Suppose the joint probability associated with a statistical model is:

$$ p(x, Z, \theta)$$

$x$ are the random variables, $Z$ are the latent variables and $\theta$ are the parameters of the model that need to be estimated.

Although I haven't fully understood this point yet, but usually we want to remove the Latent Variables $Z$ from the estimation process since we are not interested in them. So using the laws of probability, we can write:

$$L(\theta; X) = p(X | \theta) = \int p(X, Z | \theta) dZ$$

But this brings me to my question: In a given model, how do we know which variables are Latent and which variables are not Latent?
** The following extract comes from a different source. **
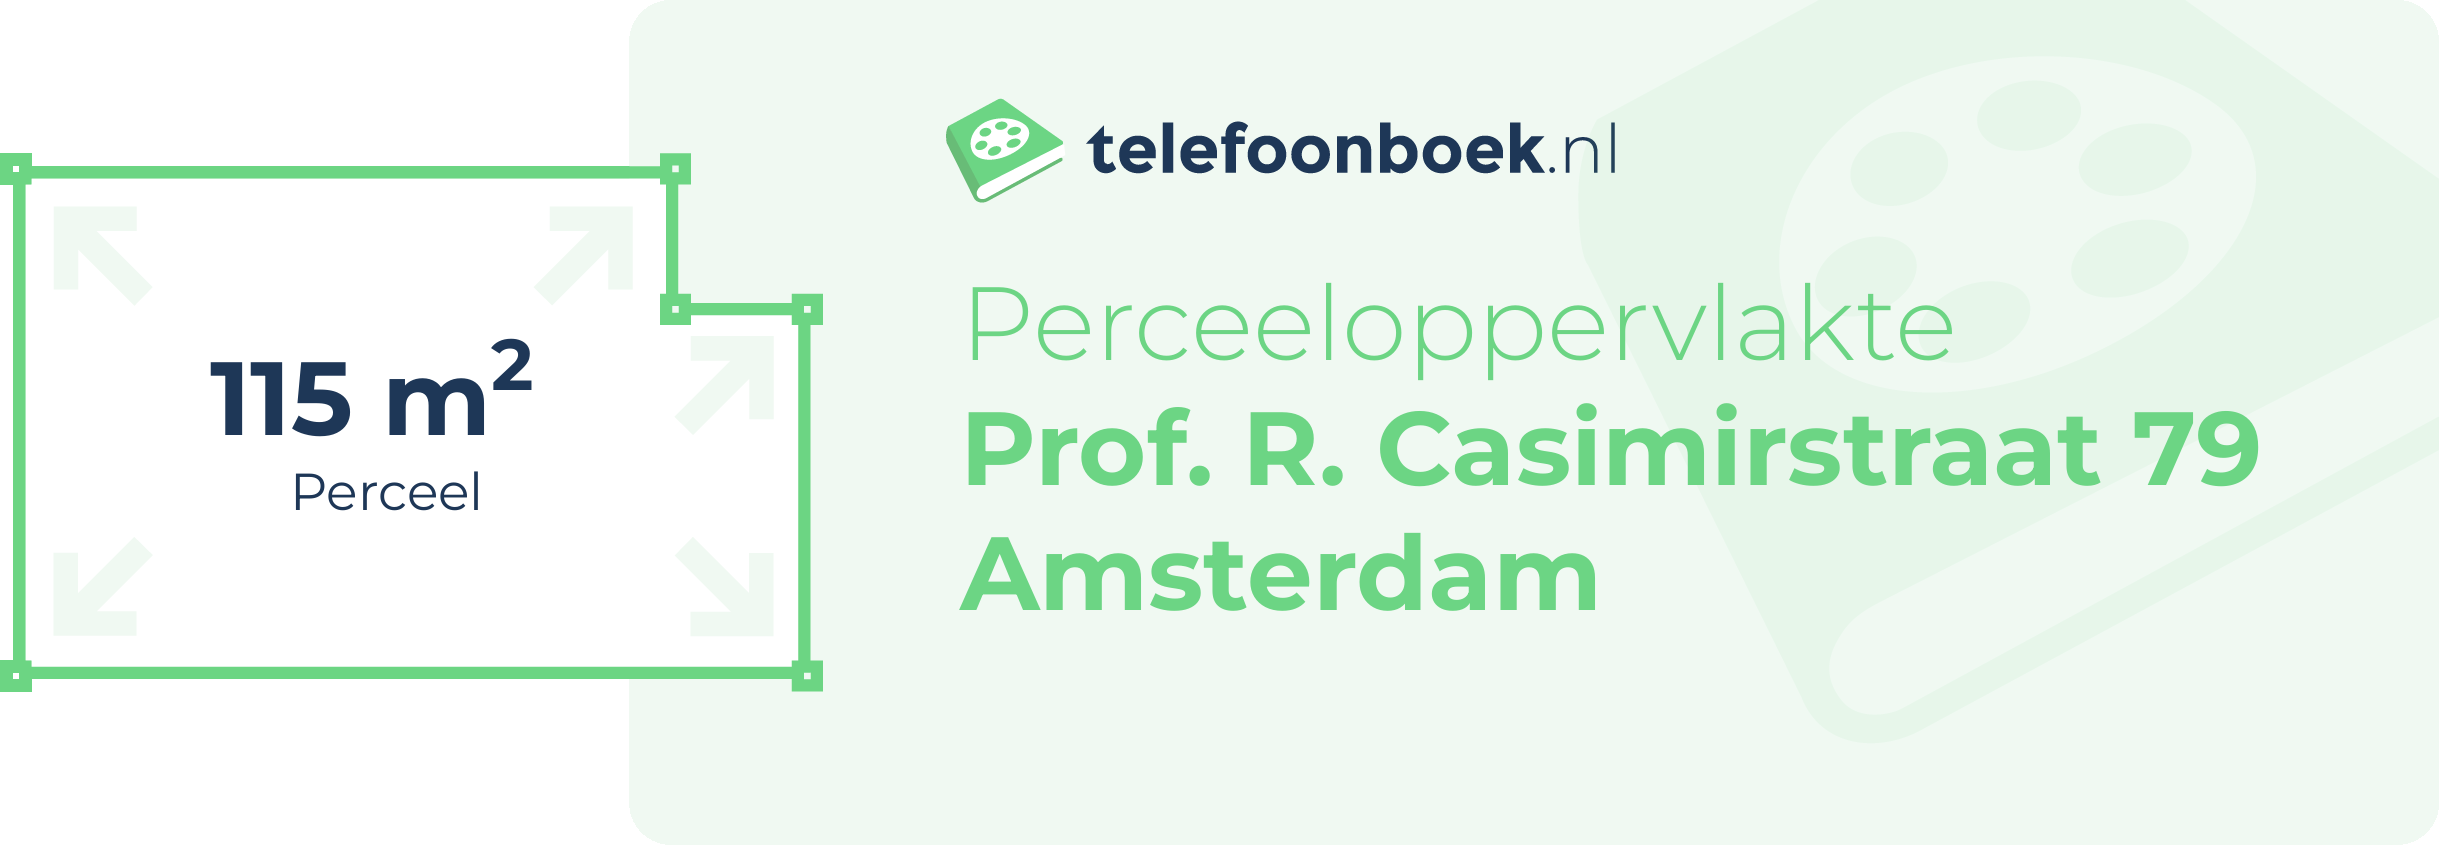 Perceeloppervlakte Prof. R. Casimirstraat 79 Amsterdam

The most popular example that comes up in this regard is the Gaussian Mixture Model:

$$p(x, \pi_1, \pi_2, \mu_1, \sigma_1, \mu_2, \sigma_2 ) = \pi_1 \cdot N(x | \mu_1, \sigma_1) + \pi_2 \cdot N(x | \mu_2, \sigma_2)$$

As I understand, $\mu_1, \sigma_1, \mu_2, \sigma_2$ are the actual (i.e. Non-Latent) parameters we are interested in estimating (i.e. $\theta$) and $\pi_1, \pi_2$ are the Latent Variables (i.e. $Z$). But why exactly is it defined this way?

I can understand the logic that $\mu_1, \sigma_1, \mu_2, \sigma_2$ might be more important for the analysis compared to $\pi_1, \pi_2$.
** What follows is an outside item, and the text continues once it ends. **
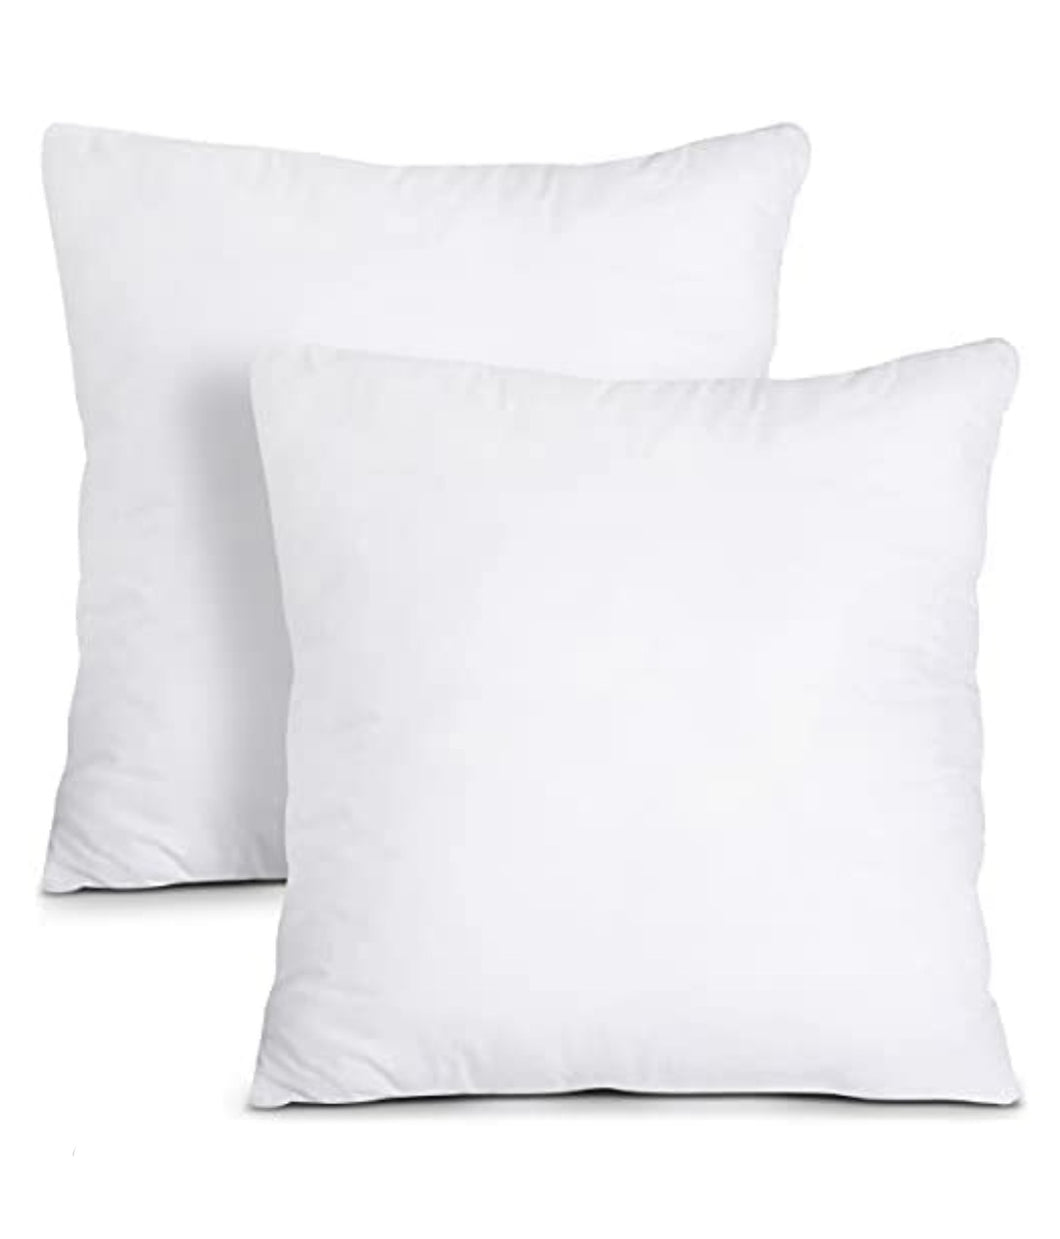 Pillow Insert (All Sizes)

But what I don't understand is why $\pi_1, \pi_2$ are considered as fundamentally unobservable/hidden/missing parameters whereas $\mu_1, \sigma_1, \mu_2, \sigma_2$ are not considered as unobservable/hidden/missing.

Technically, you don't observe any parameter - all you observe is data, and then using Maximum Likelihood Estimation, you create a formula to estimate parameters based on the data ... such that your parameter estimates were those that had the highest probability of generating the data you observed.

So to sum things up, in any estimation problem, all parameters being estimated are unobserved and hidden ... but why do we consider some of them as Latent and some of them as Non-Latent?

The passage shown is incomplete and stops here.